Parker, "Works of the Law"

Barry F. Parker has the latest article in the Journal of Greco-Roman Christianity and Judaism“‘Works of the Law’ and the Jewish Settlement in Asia Minor.” According to the article’s conclusion:

The first recourse for the Anatolian Jews under [social, political, and religious] pressure was not an appeal to ‘legalism’, but to ‘selective works of the law’, as is implied by the phrase ἔργα νόμου. The only appearance of this phrase from that time outside of Paul is found in 4QMMT. The use of ‘works of the law’ there confirms both that Paul is in (indirect) dialogue with those familiar with Essene terminology and that selectivity is in view.
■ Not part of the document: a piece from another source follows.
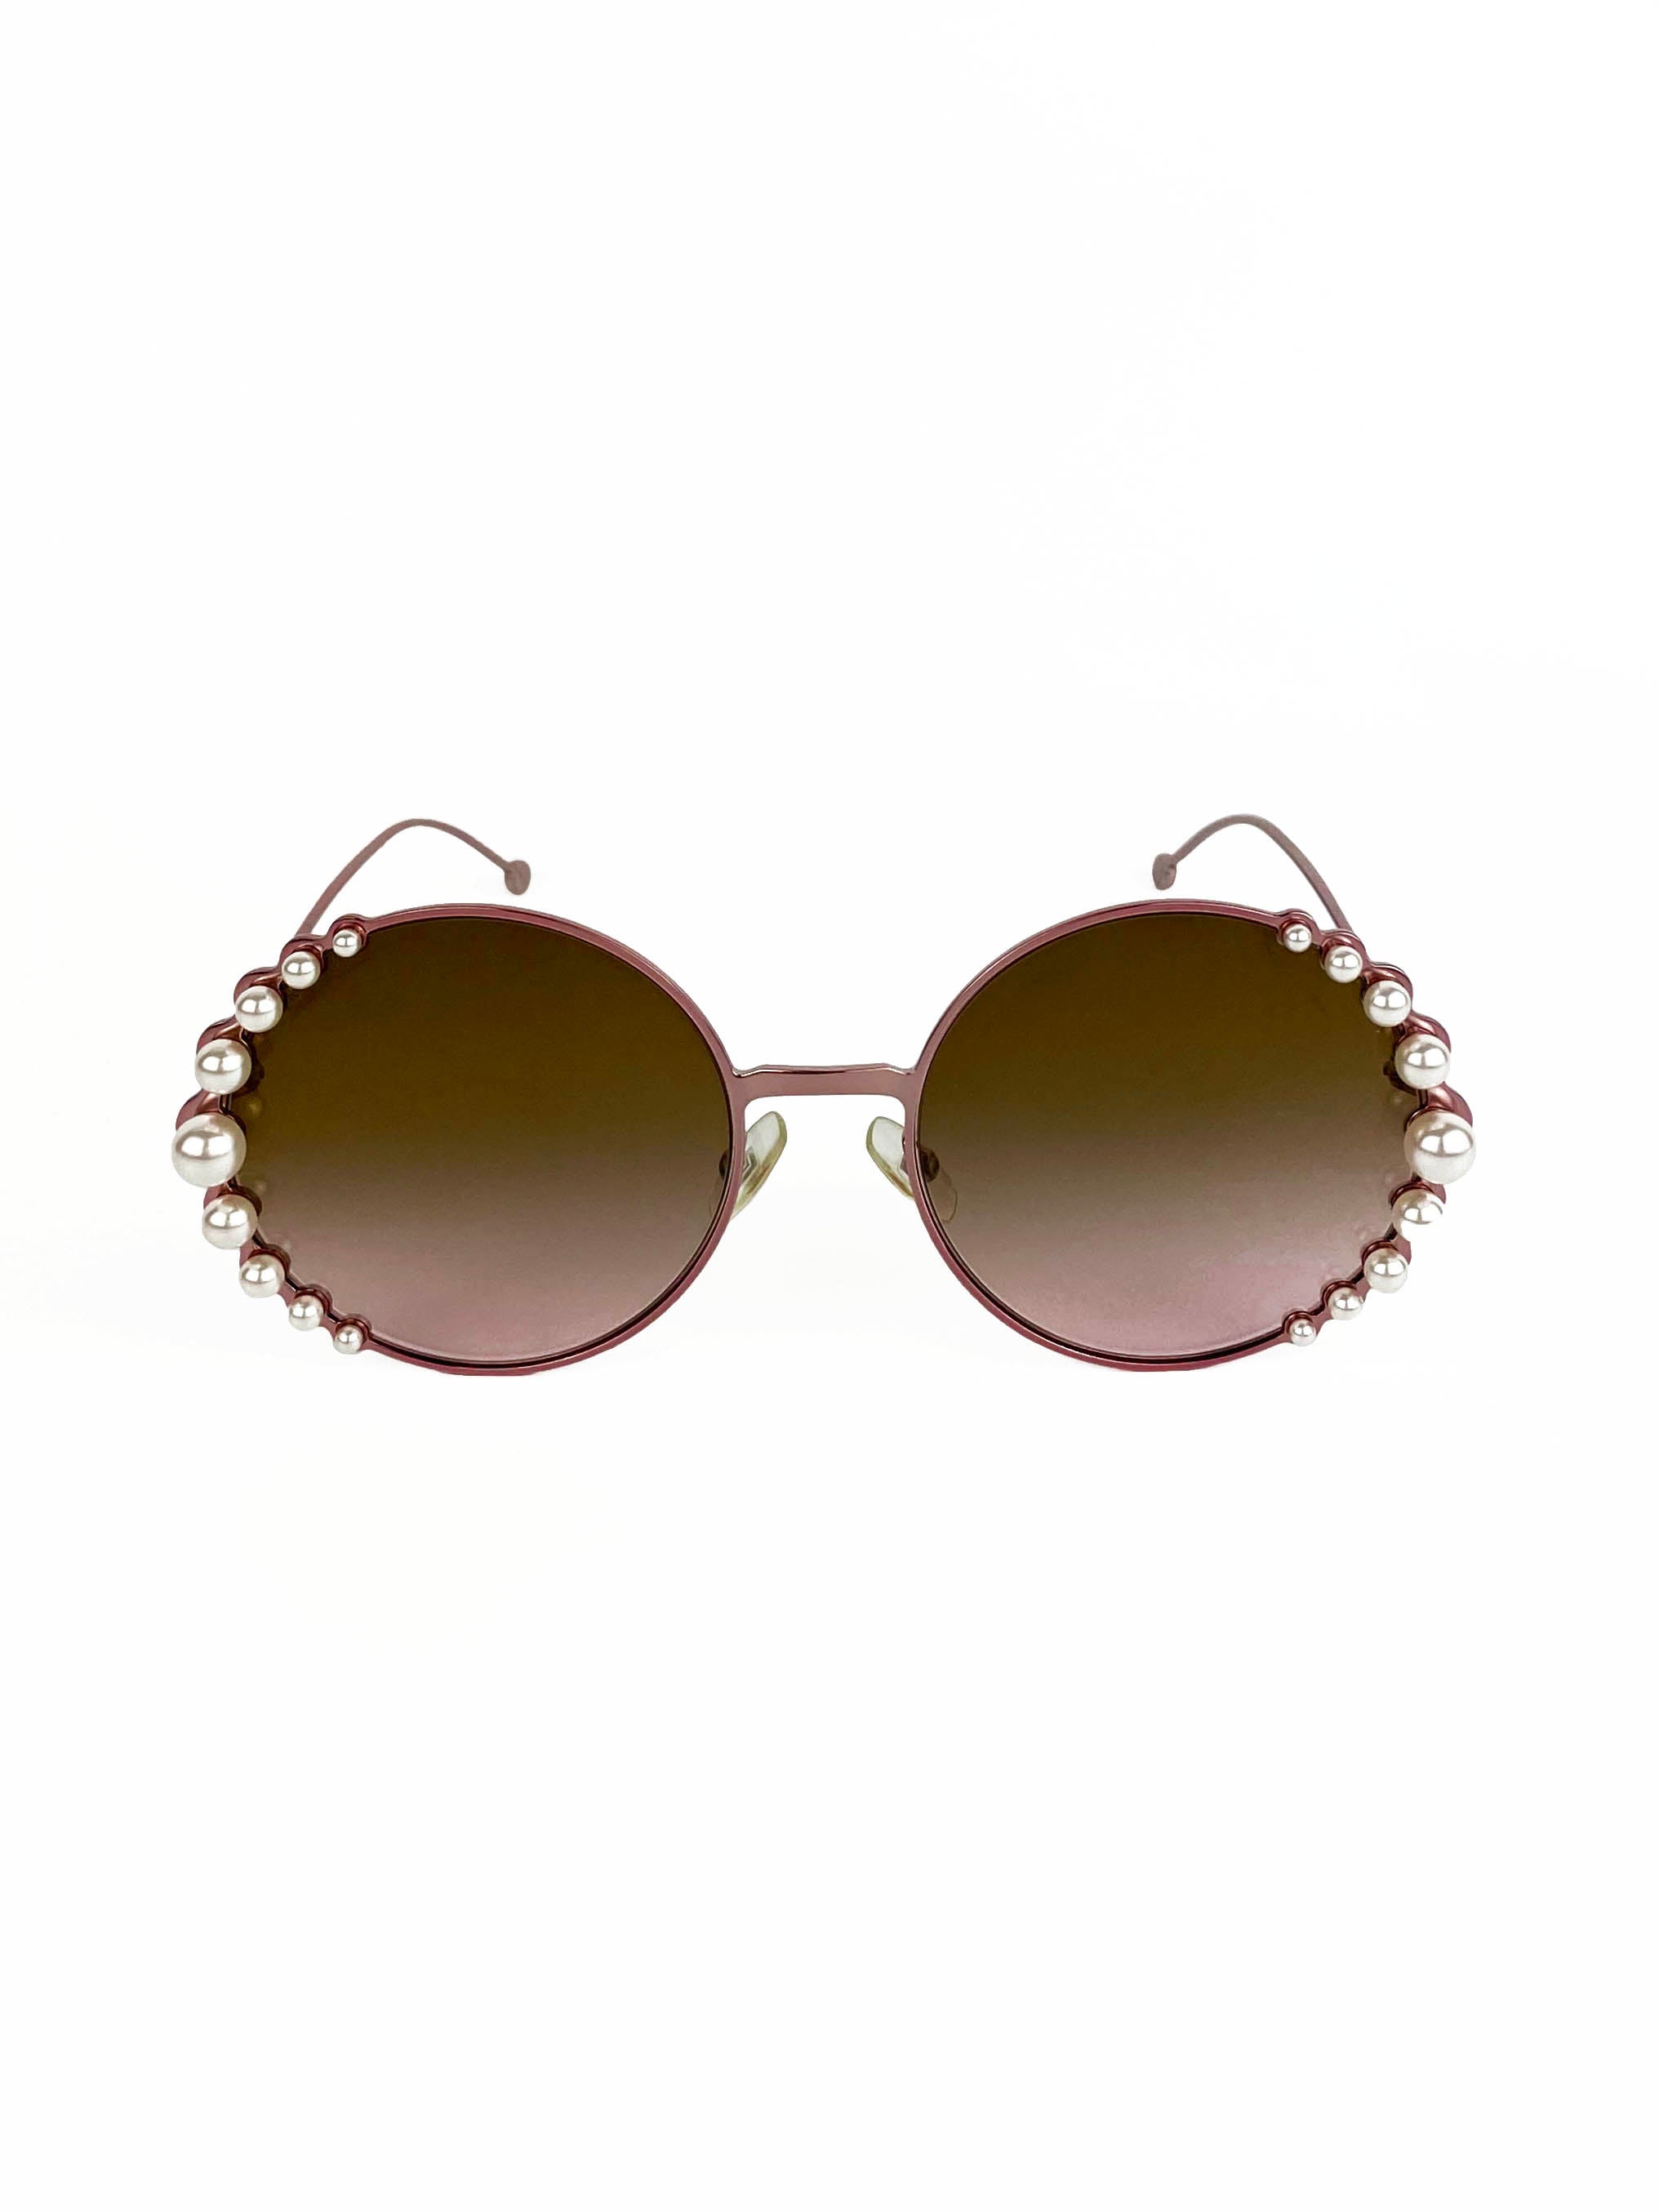 fendi-sunglasses-1.jpg

Although he speaks to a different audience about a different problem regarding the law in Romans, when Paul uses the phrase ἔργα νόμου in Romans 3, the immediate context is quite similar to what he addresses in Galatians. It is, in both cases, a matter of the righteousness of God, as expressed in the faithfulness of Christ (πίστις Χριστοῦ). This faithfulness of Christ suffices for both Jew and Gentile (pagan), who are equally condemned—in Galatians they are condemned for trying to supplement that faithfulness with a perverted version of the law, and in Romans they are condemned for perverting the law by their very efforts to fulfill it through a selective participation in it (96).